The shape of the setup
Three things, in this order:- Verbu gives you a SIP endpoint — a small piece of text that looks something like
sip:agent-XXXX@sip.verbu.com - You add it to your PBX as a destination — under whatever the PBX calls “external SIP”, “SIP trunk”, or “SIP URI forward”
- You point an incoming number at that destination — so calls to that number end up at your agent
Before you start
You need:- Admin access to your PBX
- The number you want the agent to answer on
- The Verbu SIP endpoint — find it under Phone numbers → Connect existing number in the dashboard, or ask your Verbu contact
The general steps
Add Verbu as a SIP destination
In your PBX admin, find the section for outbound or external SIP routing. Depending on the system, this is called:
- SIP Trunks (3CX, FreePBX)
- Outbound destinations (Asterisk-based systems)
- External numbers (Telavox, smaller cloud PBXs)
Allow the right audio codecs
Make sure the trunk allows
PCMU (G.711 µ-law) and PCMA (G.711 A-law). These are the standard codecs Verbu uses.

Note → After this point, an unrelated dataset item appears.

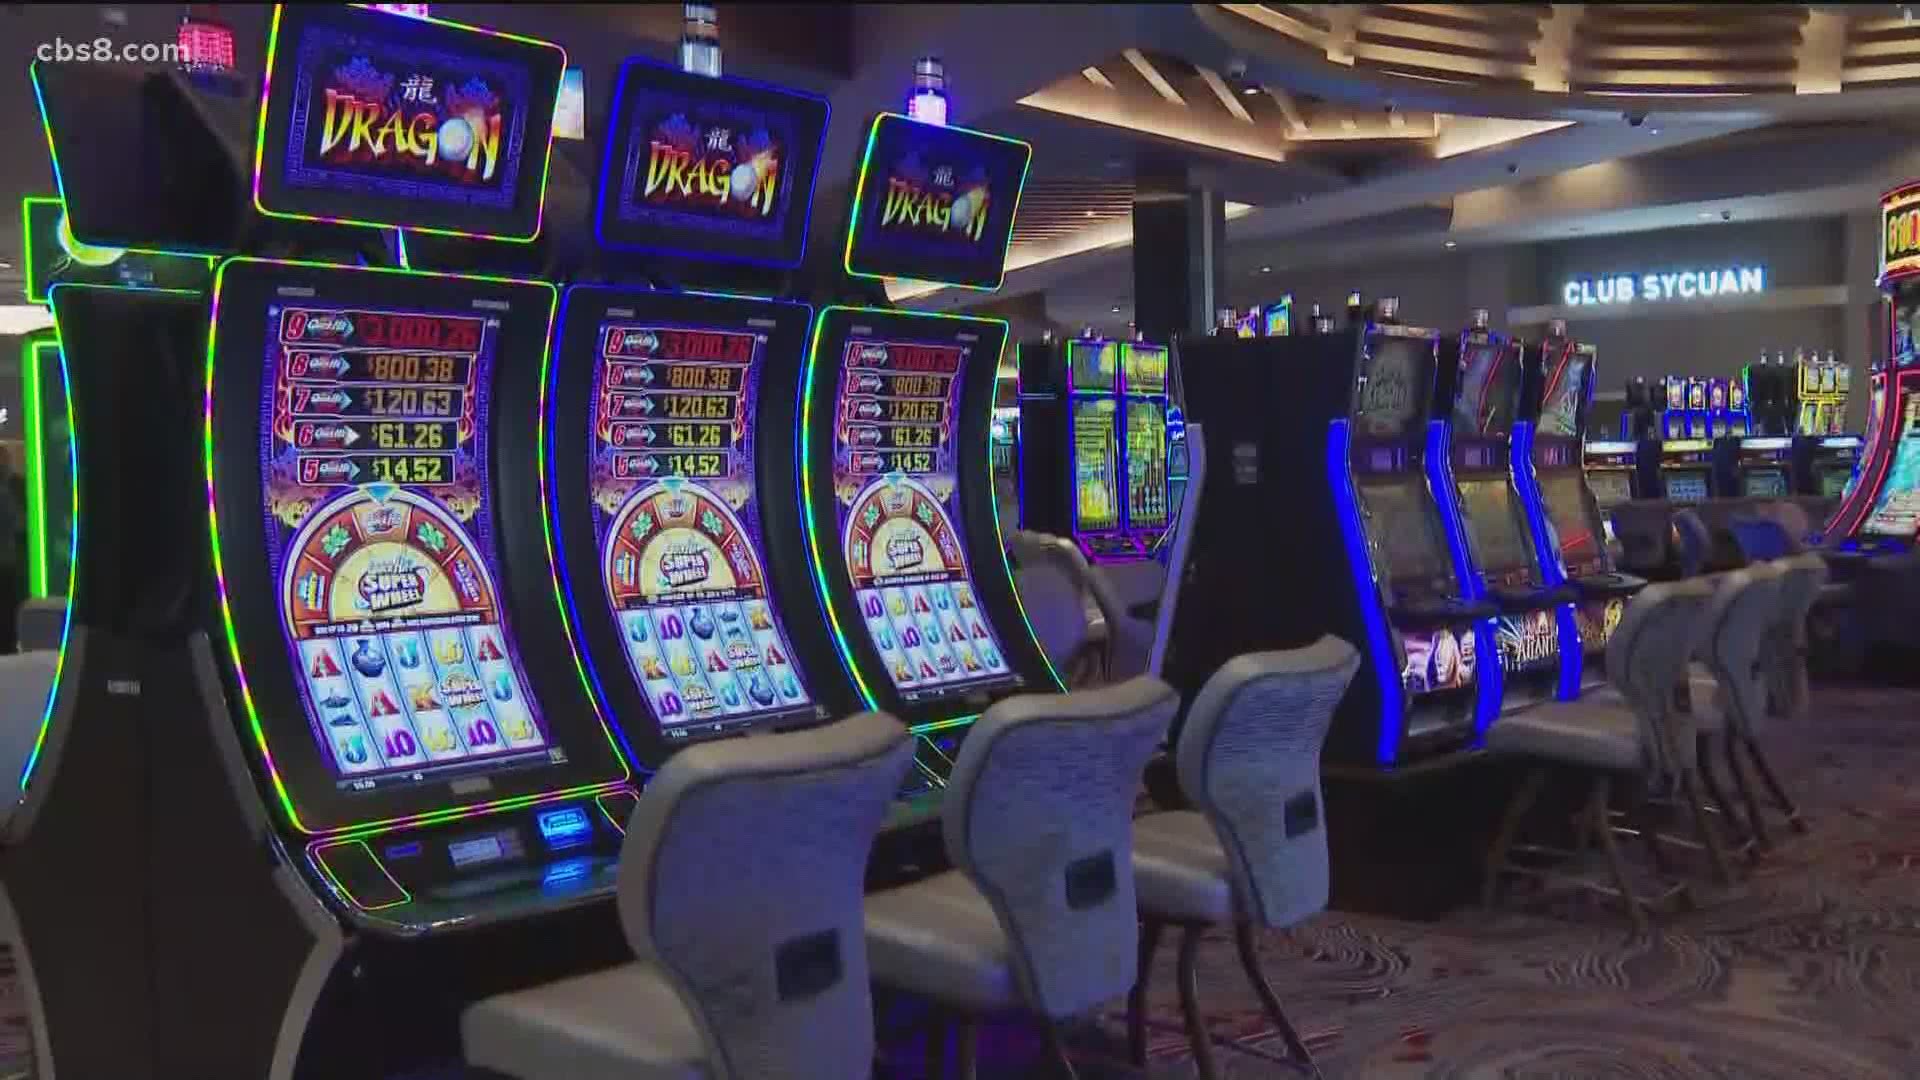 Louisville Ky Closest Casino

Most PBXs allow them by default.Route the incoming number to Verbu
Find the routing rule for your incoming number (sometimes called an “inbound route” or “DID route”). Change its destination to the SIP destination you just created.If you only want some calls to go to Verbu — for example after hours — add a time-of-day condition first.
Common gotchas
Calls connect but there's no audio in one direction
Calls connect but there's no audio in one direction
Almost always a NAT or codec problem. Make sure your PBX is configured to use the public IP for SIP signalling, and that the codec list starts with G.711 (PCMU / PCMA).
The PBX strips the caller's number
The PBX strips the caller's number
Some setups overwrite the caller ID with the PBX’s own number. The agent then can’t tell who’s calling and won’t find them in your CRM. Look for a setting called CLIP or Caller ID on the outbound SIP trunk and make sure it passes the original caller’s number through.
The PBX won't let me forward outside the system
The PBX won't let me forward outside the system
Some on-premise PBXs are locked down to internal numbers only. You need to allow outbound SIP destinations on the trunk. If you’re not comfortable changing that, ask your reseller — it’s a small one-time tweak.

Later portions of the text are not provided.